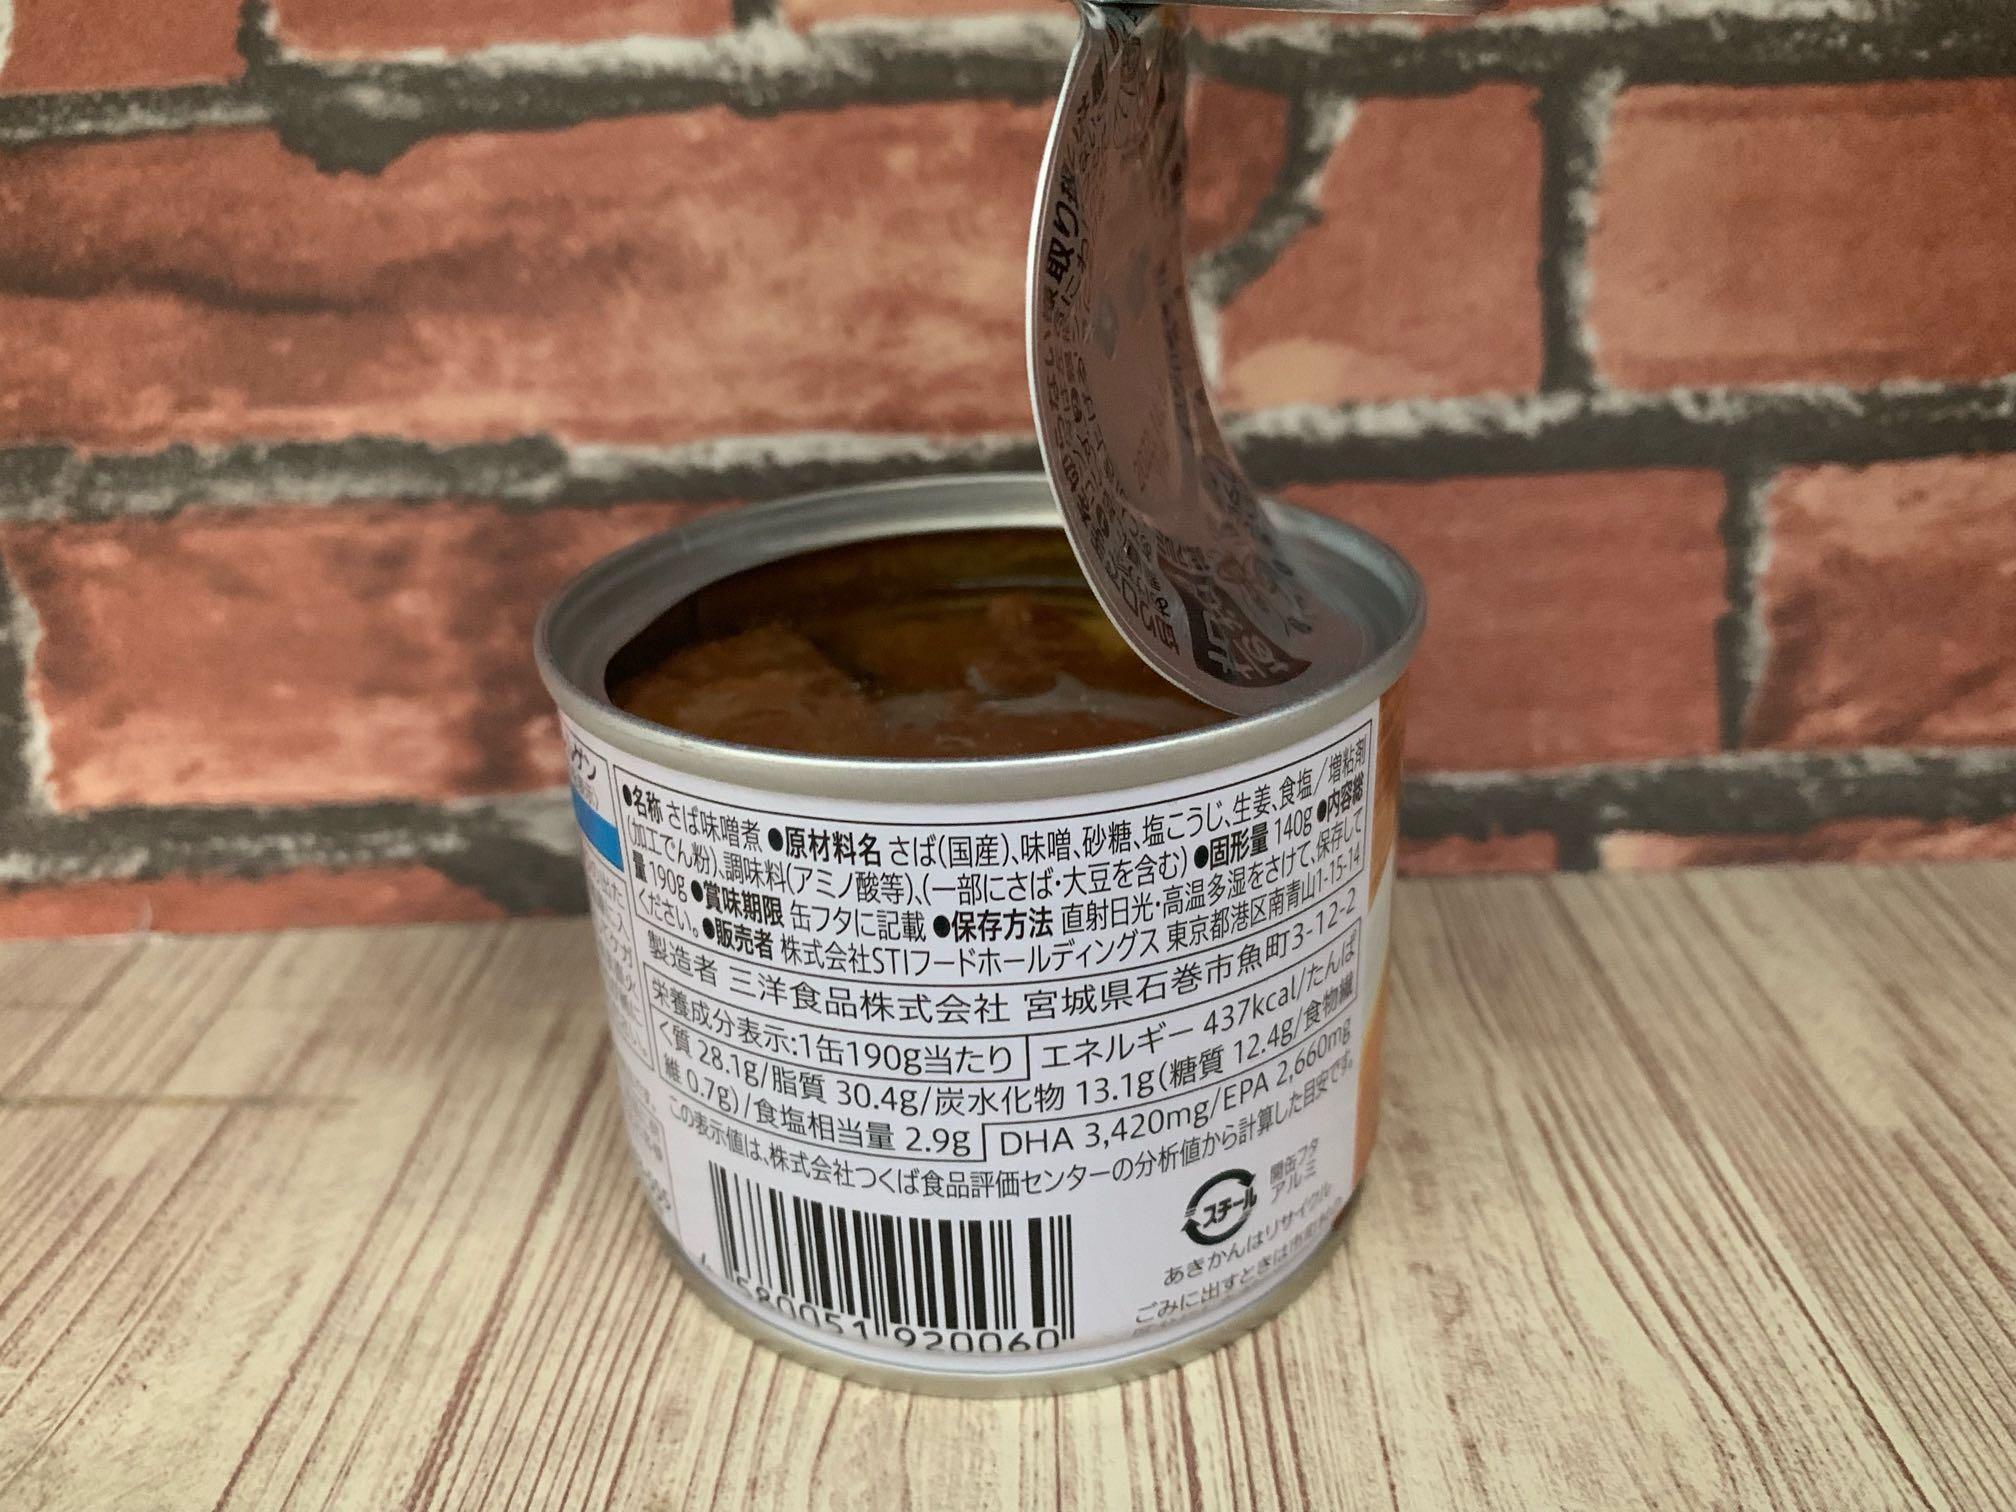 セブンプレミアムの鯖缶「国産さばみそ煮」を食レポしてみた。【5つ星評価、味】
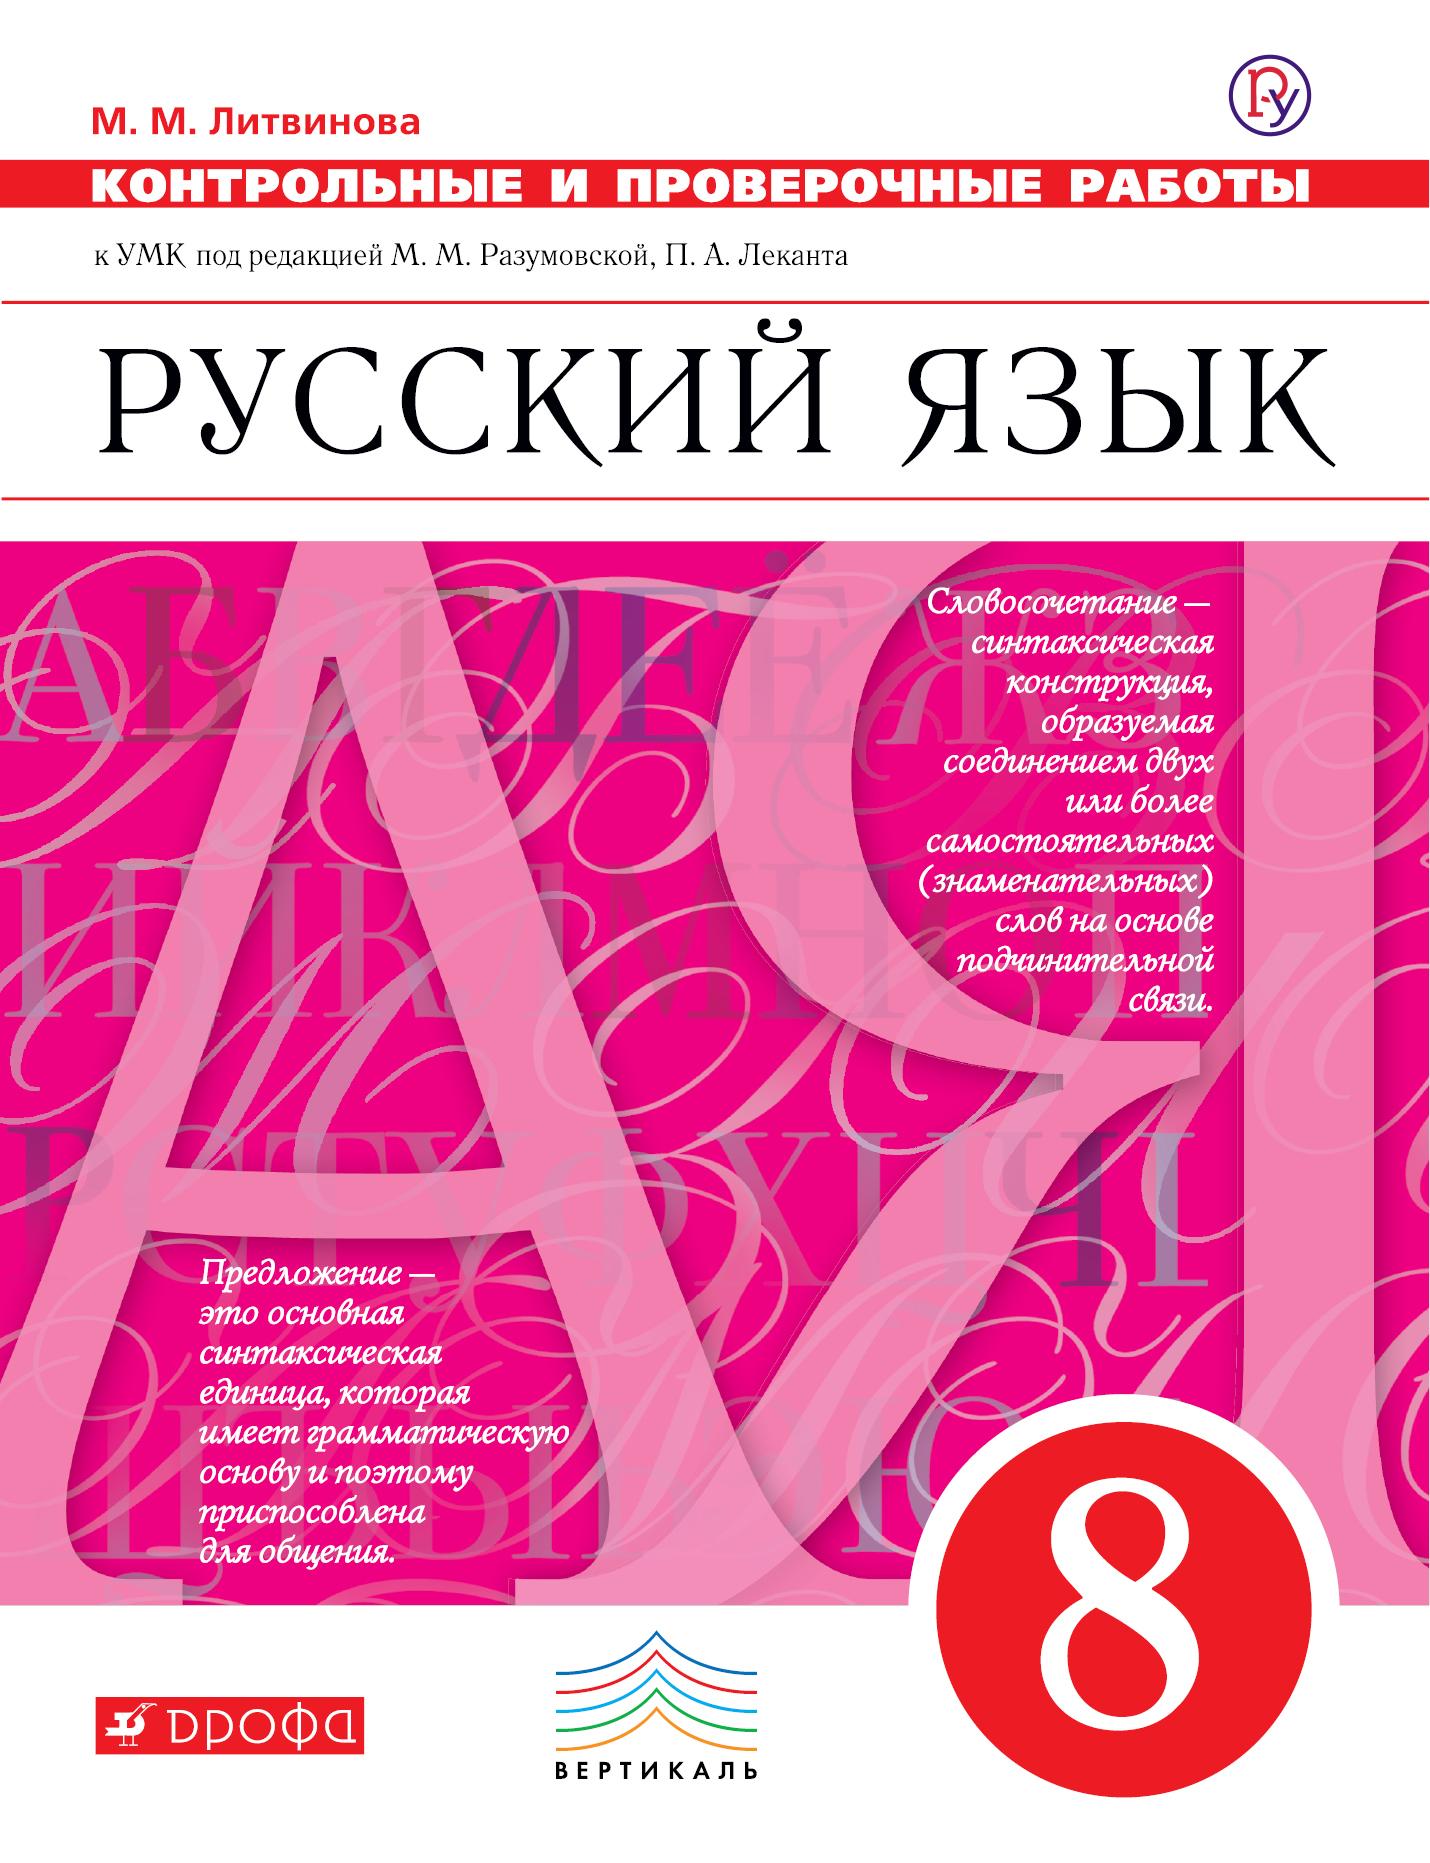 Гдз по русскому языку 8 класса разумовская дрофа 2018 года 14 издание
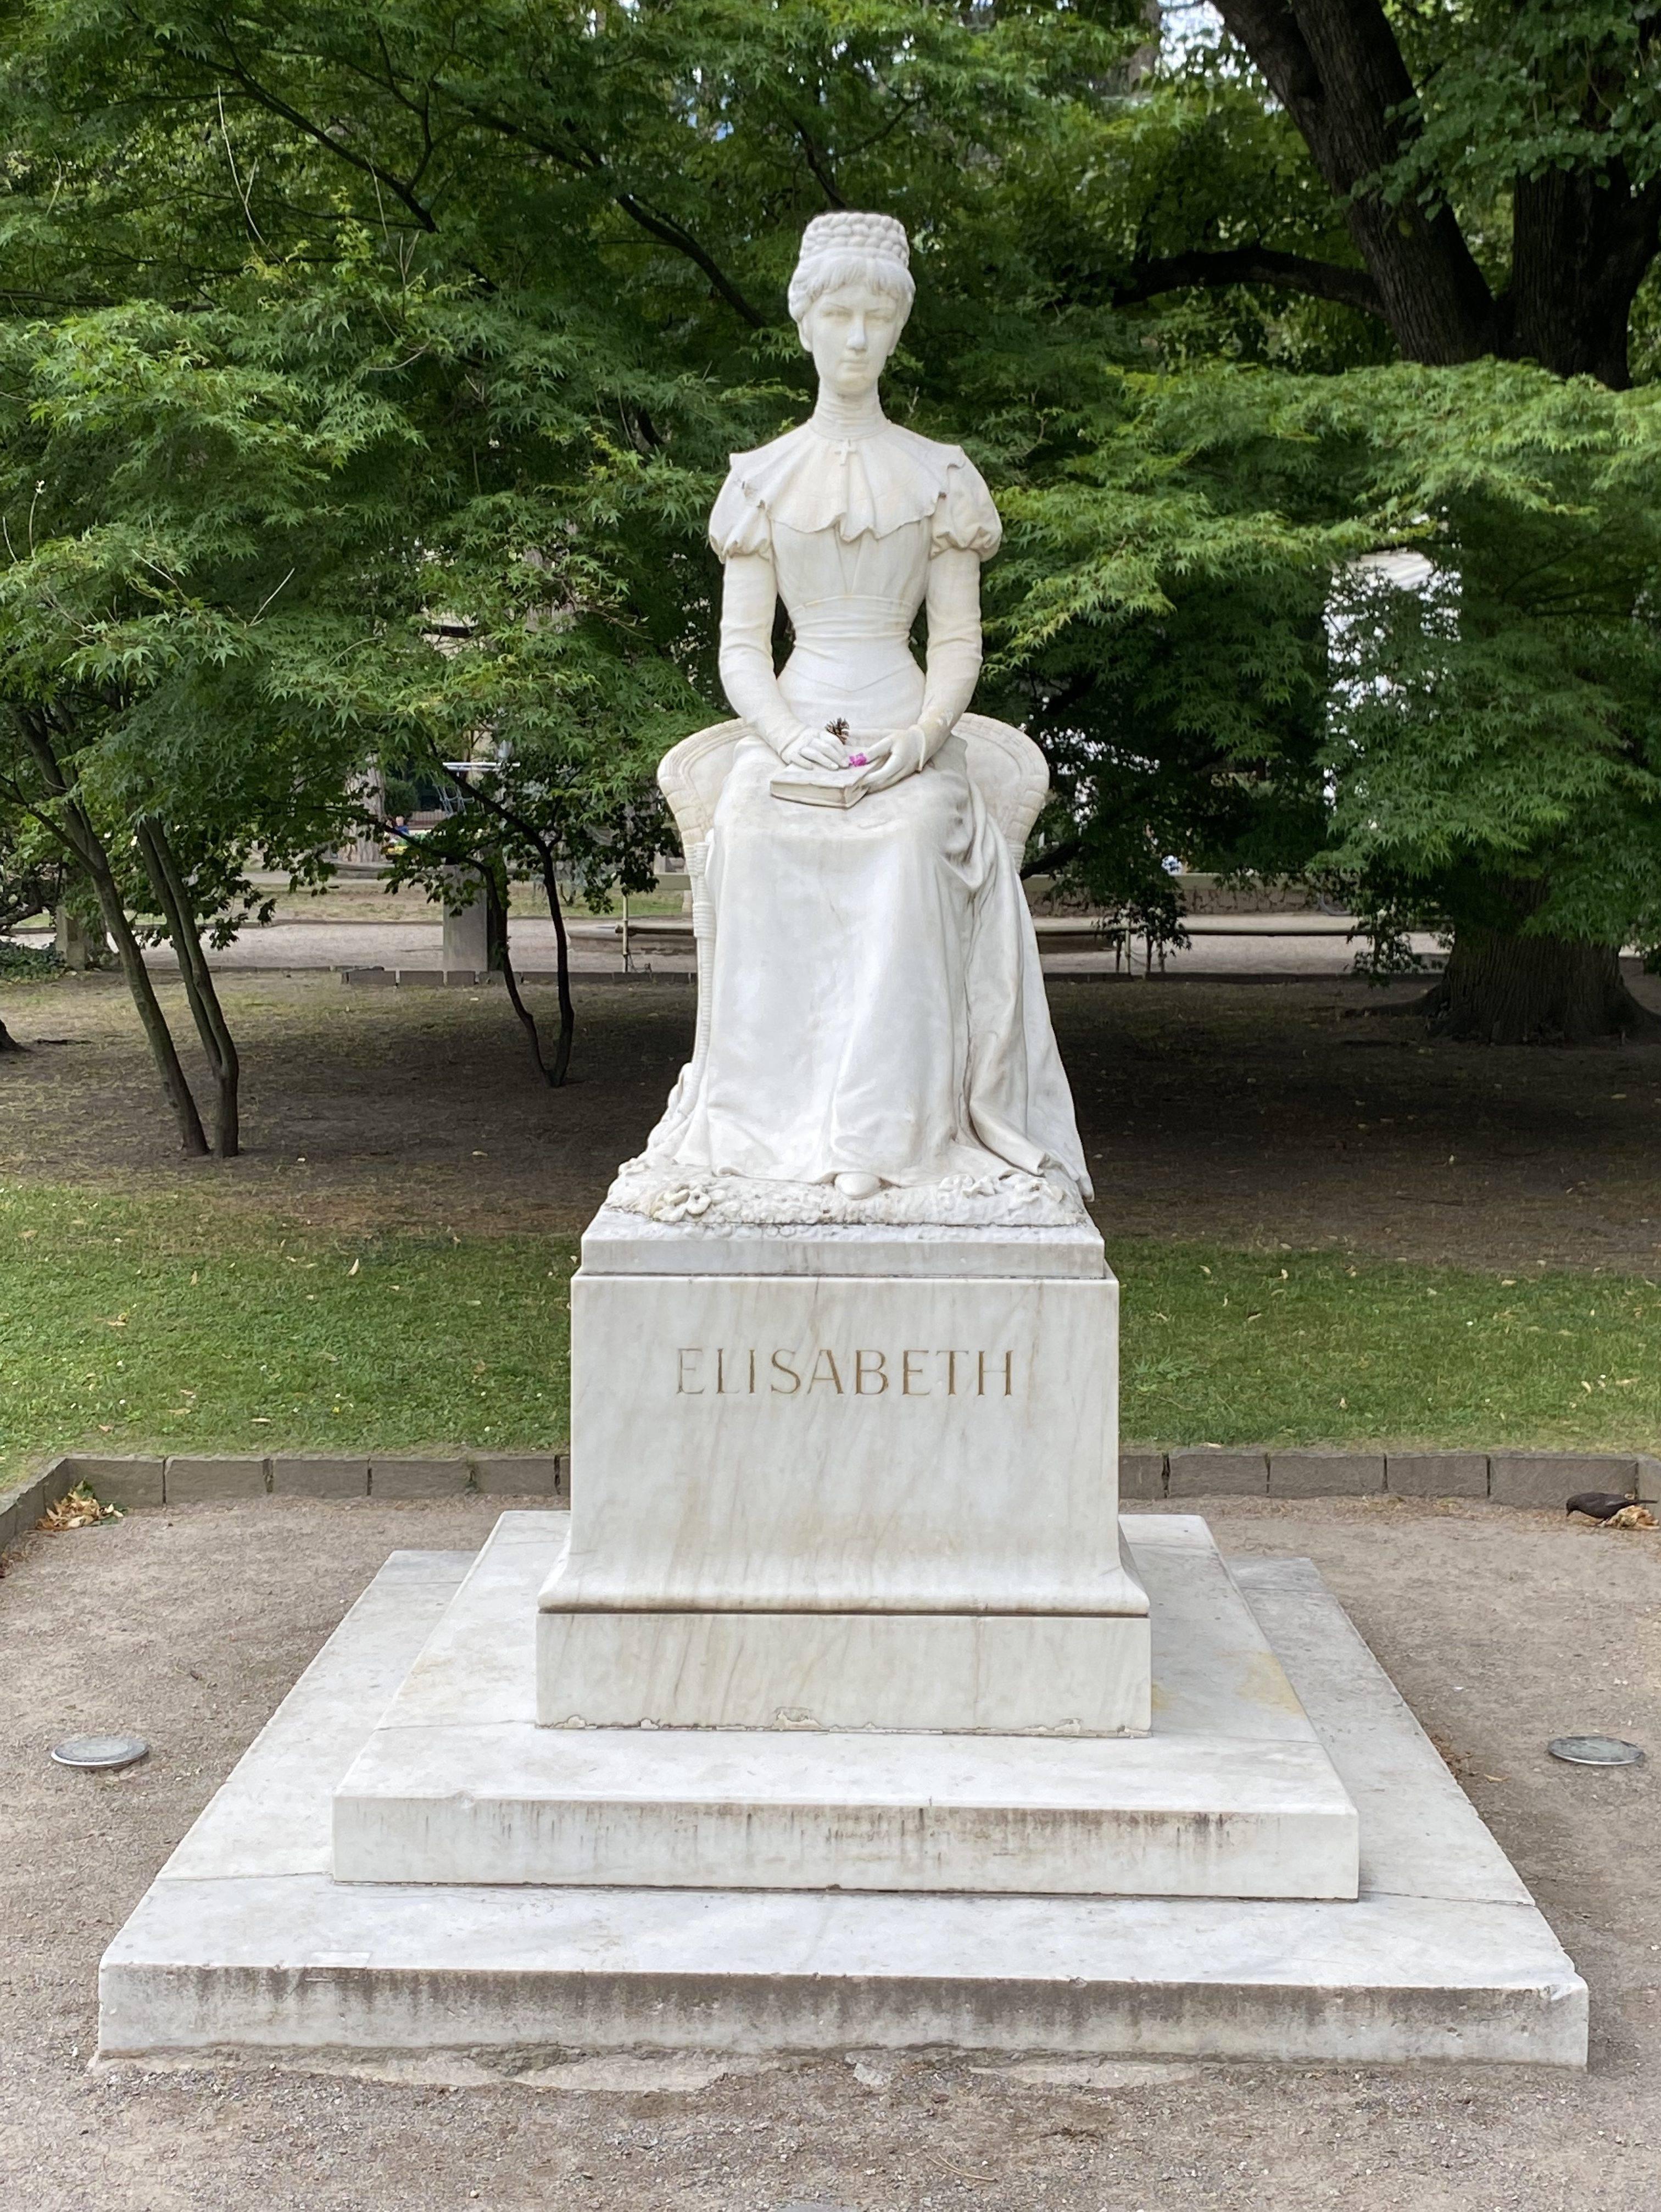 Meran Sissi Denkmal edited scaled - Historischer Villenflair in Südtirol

■ Exercise brief
Give the listing again exactly, excluding pictures.

■ Answer box
 セブンプレミアムの鯖缶「国産さばみそ煮」を食レポしてみた。【5つ星評価、味】
 Гдз по русскому языку 8 класса разумовская дрофа 2018 года 14 издание
 Meran Sissi Denkmal edited scaled - Historischer Villenflair in Südtirol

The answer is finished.